= Fire challenge =

Internet challenge

Glass cleaner burning in a performer's bare hand

The fire challenge is an internet challenge which involves applying flammable liquids to one's body and then setting the liquids aflame, while being video recorded; the footage is then posted to social media sites. Firefighters, police officers and media sources have criticized and spoken out against the activity, hoping to dissuade individuals from trying it due to its harmful nature.

The first known fire challenge video was uploaded in 2012. The activity gained mainstream media attention in 2014.

==Effect==
Immediate first through second degree burns are the direct results of undergoing the activity. One teenager from Kentucky who participated in the challenge described the subsequent pain as "unbearable."

In addition to the obvious dangers, many participants run away in panic without dousing the flames first, allowing the oxygen to cause the flames to spread more easily. Another immediate danger is the participants inhaling superheated air, which can then damage the lungs.

==Reactions==
Writing for The Huffington Post, in response to viewing a video of a youth attempting the challenge, Andres Jauregui stated on the behalf of his coworkers:
"We're basically speechless. We hang out with guys who eat lightbulbs, and we're still shocked. Granted, those guys are trained professional performers, where as [sic] this appears to be a misguided youth.
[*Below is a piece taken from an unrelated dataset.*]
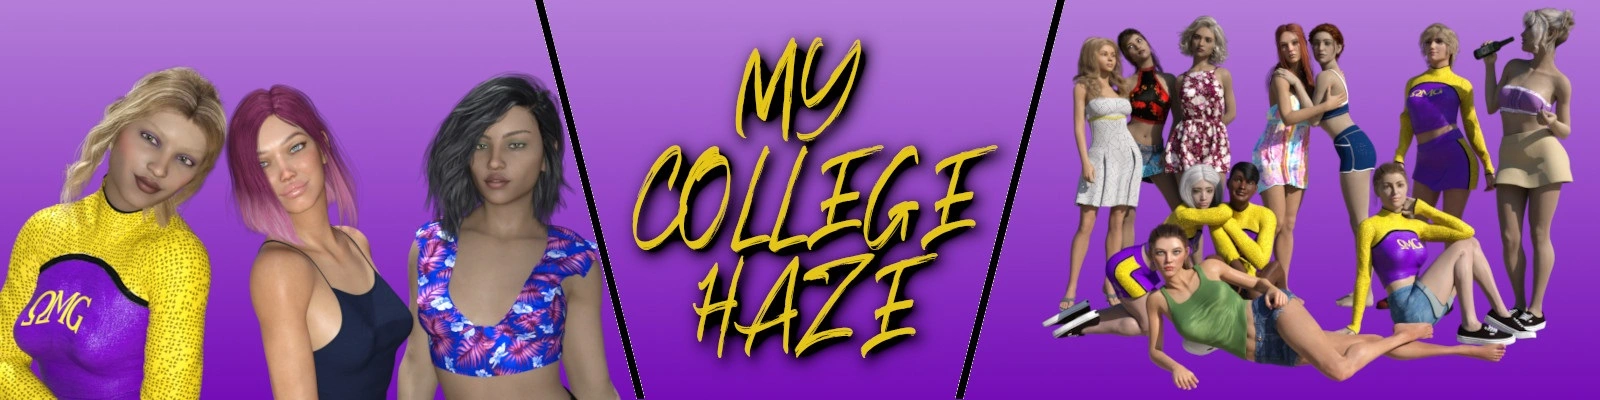 My College Haze [v0.1.1] main image

The scariest part is that he's not the only person who is doing this."

Writing for The Washington Post, Caitlin Dewey noted "YouTube has known its fair share of dangerous, destructive and ill-advised trends, but even by those standards, the 'fire challenge' hits new lows."

Multiple local and state fire departments have spoken out against the fire challenge, often citing the significant harm and the unpredictability of fire for their reasoning.